● Your objective
Word for word, copy the records and drop the pictures.

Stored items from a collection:
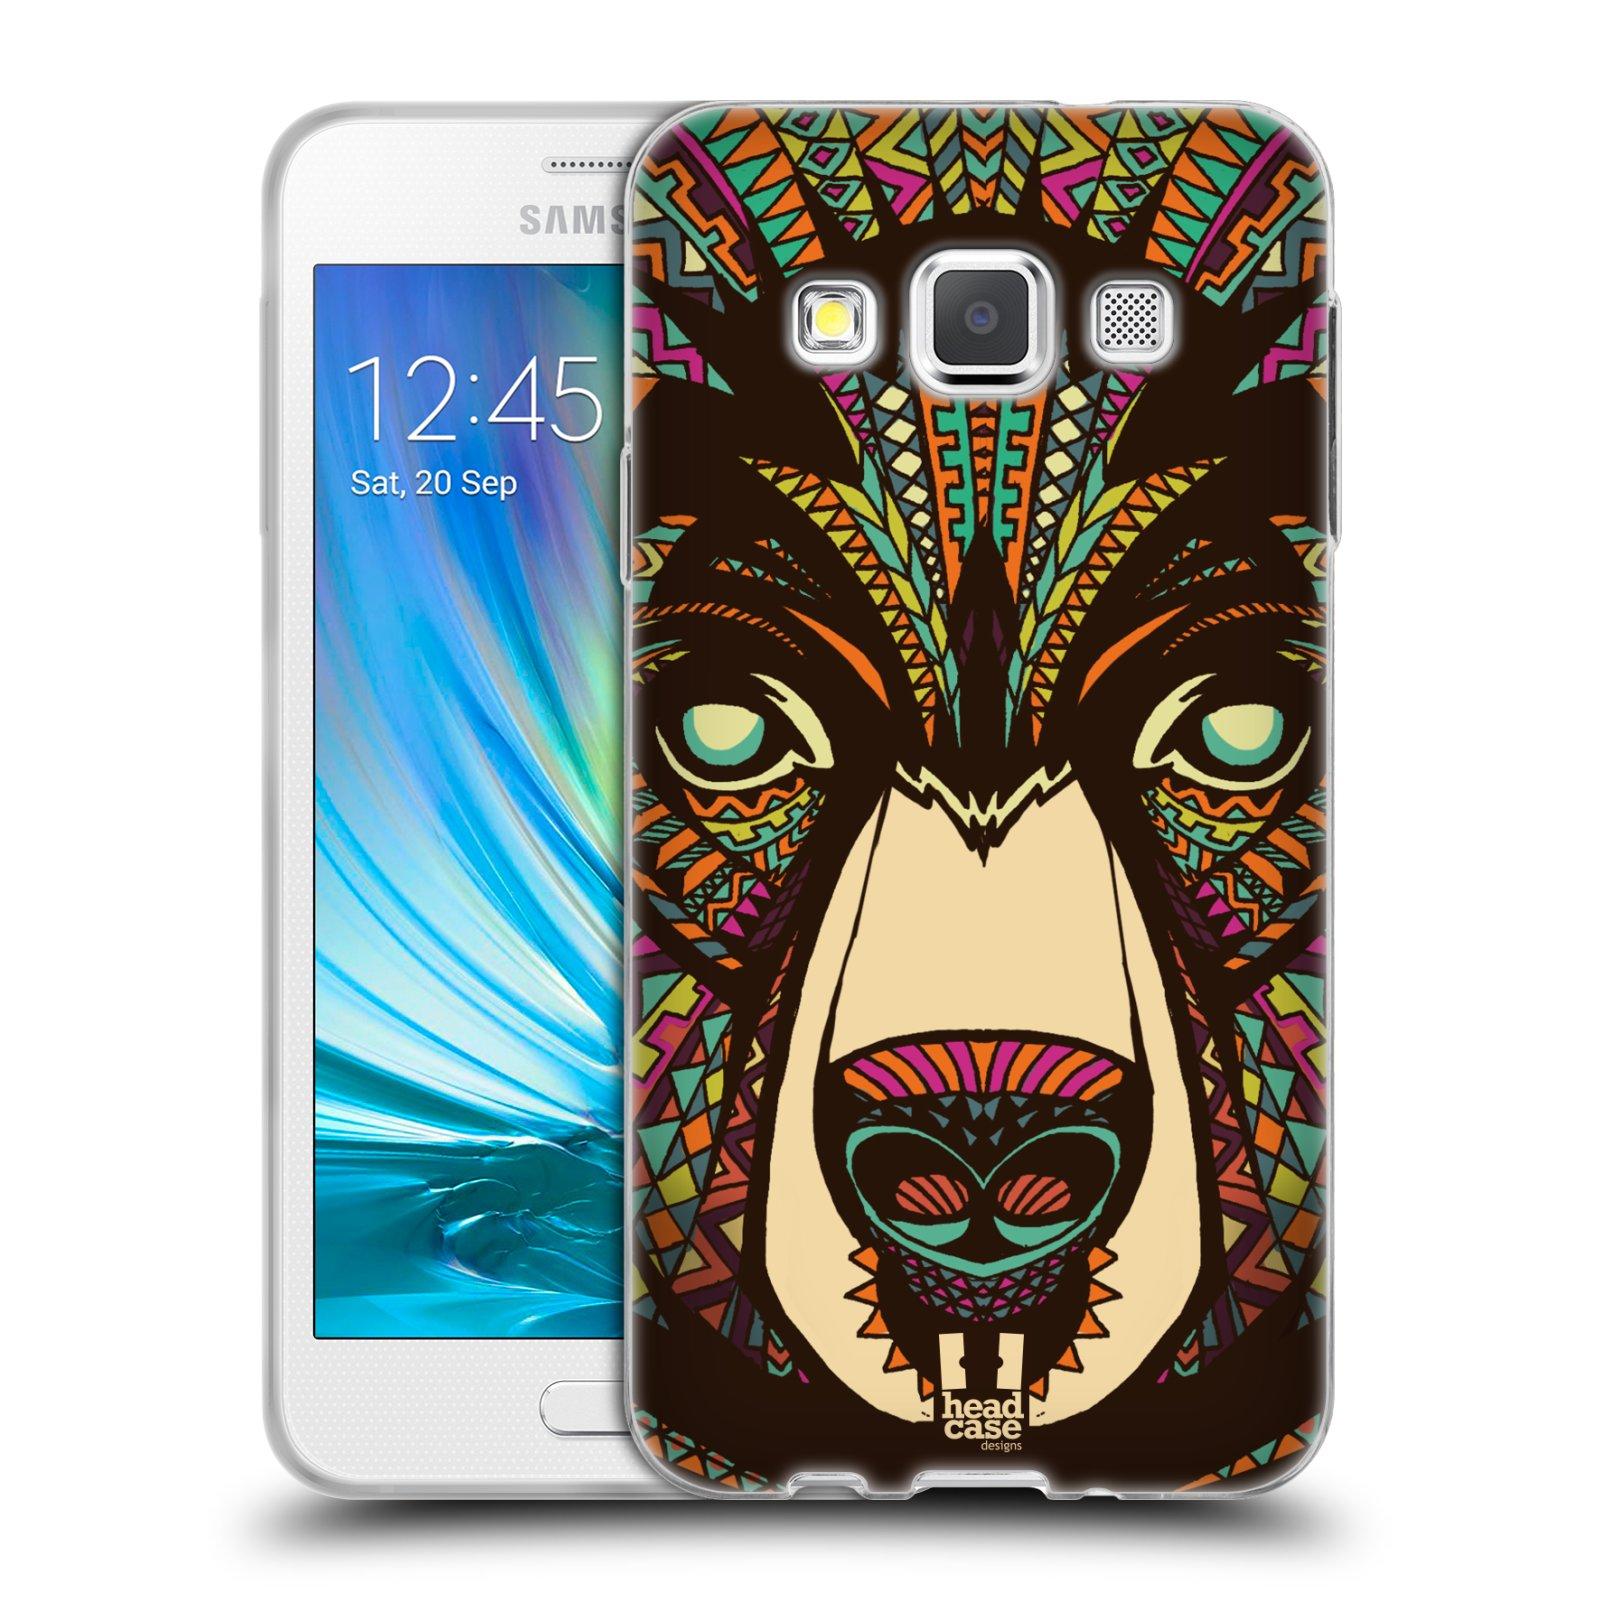 Silikonové pouzdro na mobil Samsung Galaxy A3 HEAD CASE AZTEC MEDVĚD
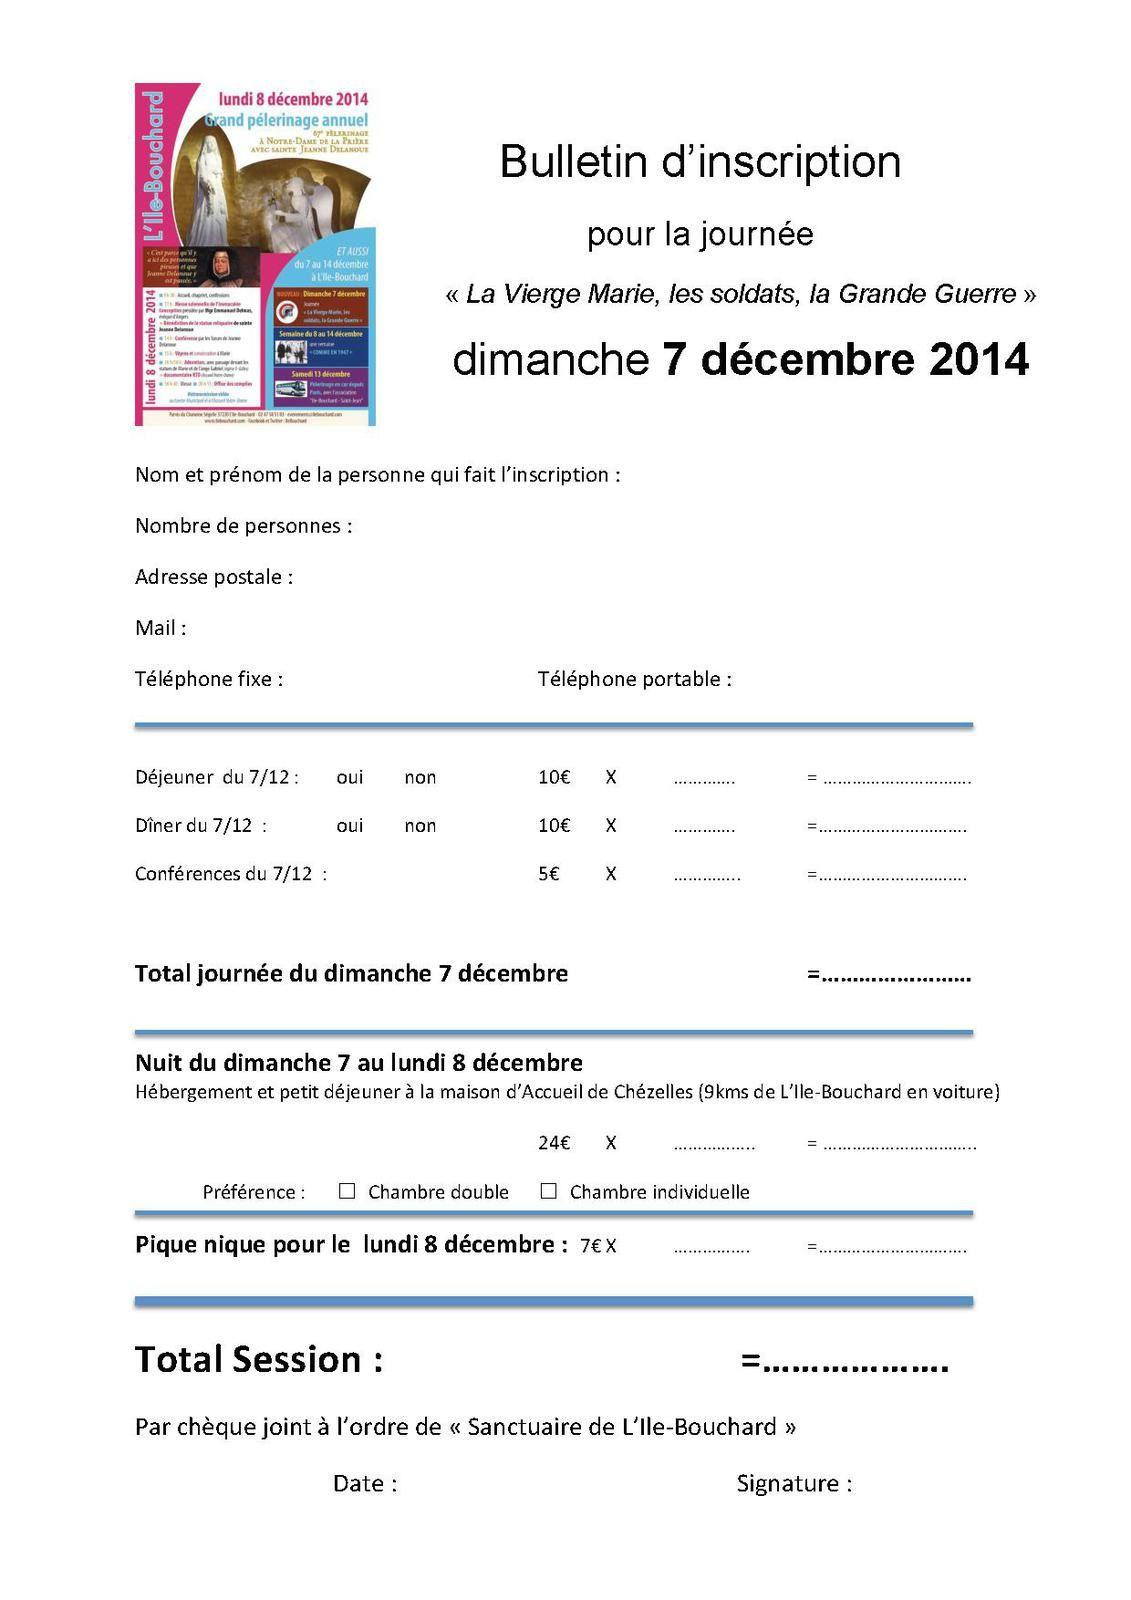 Dimanche 7 décembre 2014 à L'Ile-Bouchard Journée « La Vierge Marie, les soldats, la Grande Guerre »
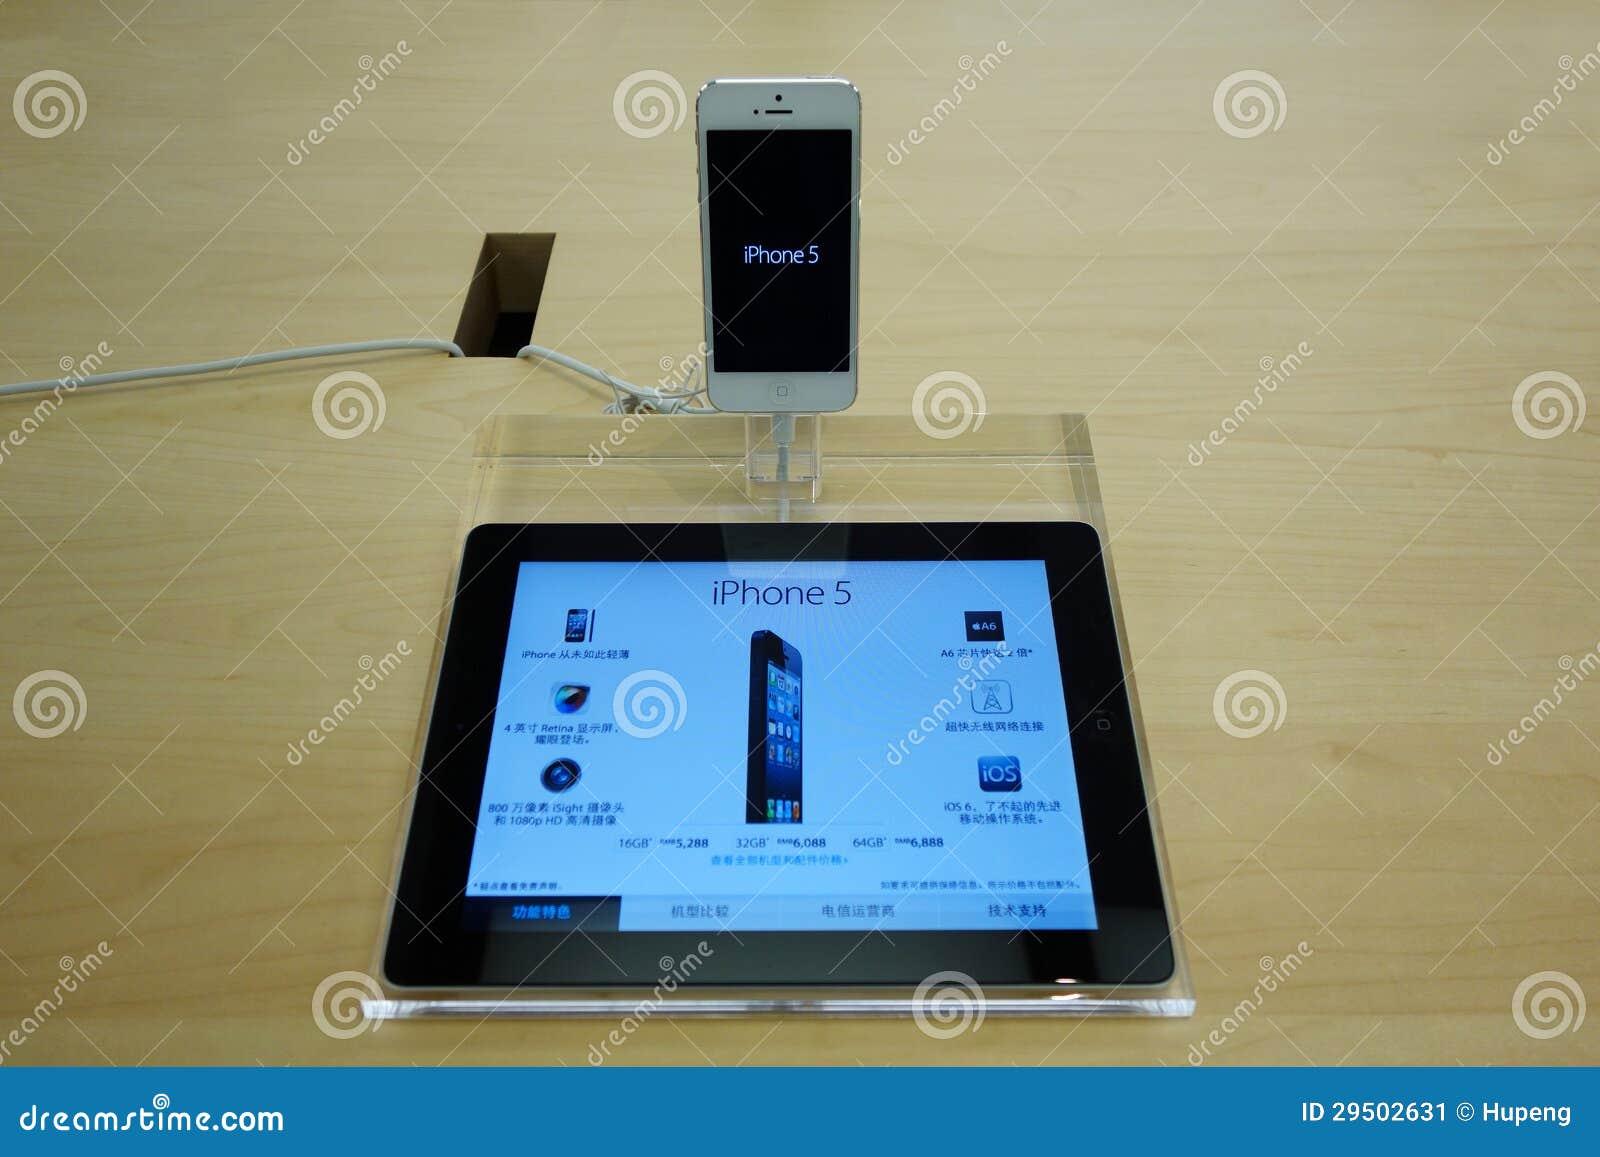 Iphone5 in appeldetailhandel
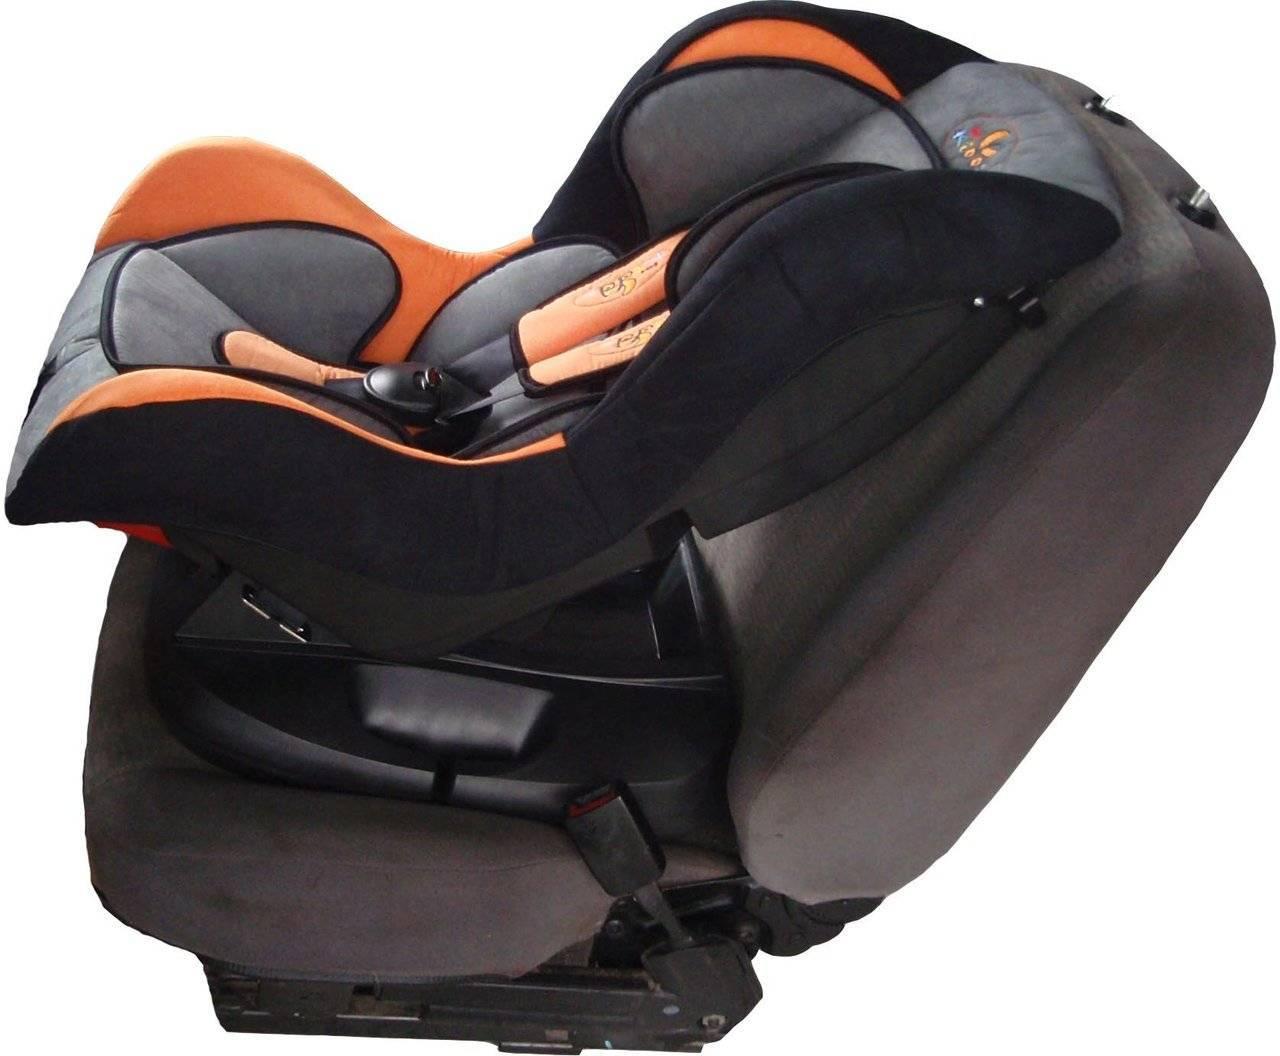 Какое автокресло выбрать для ребенка от 0 до 18 кг: рейтинг автокресел | покупки | vpolozhenii.com
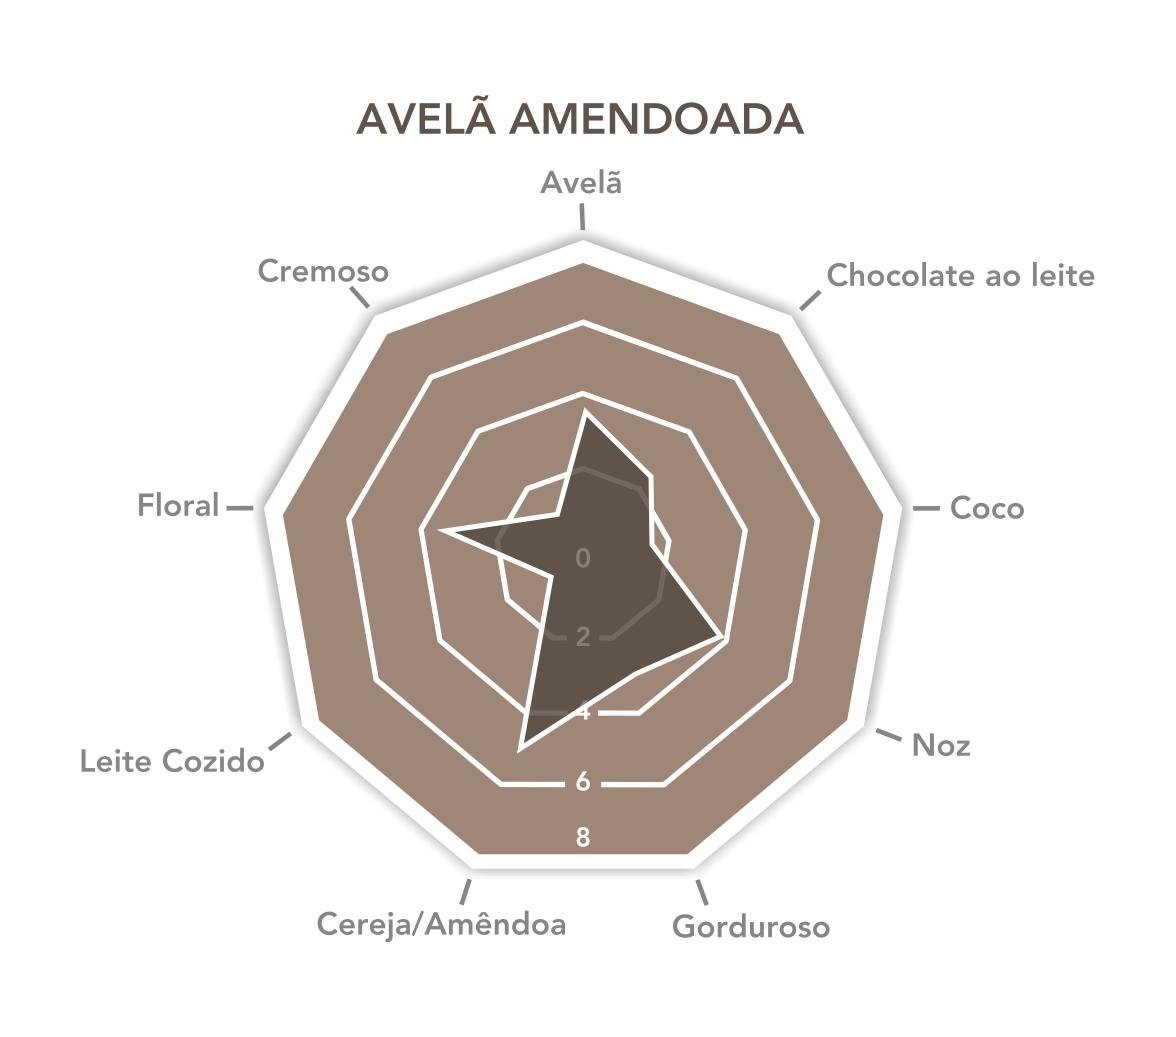 Avelã Amendoada

● Solution to the problem
 Silikonové pouzdro na mobil Samsung Galaxy A3 HEAD CASE AZTEC MEDVĚD
 Dimanche 7 décembre 2014 à L'Ile-Bouchard Journée « La Vierge Marie, les soldats, la Grande Guerre »
 Iphone5 in appeldetailhandel
 Какое автокресло выбрать для ребенка от 0 до 18 кг: рейтинг автокресел | покупки | vpolozhenii.com
 Avelã Amendoada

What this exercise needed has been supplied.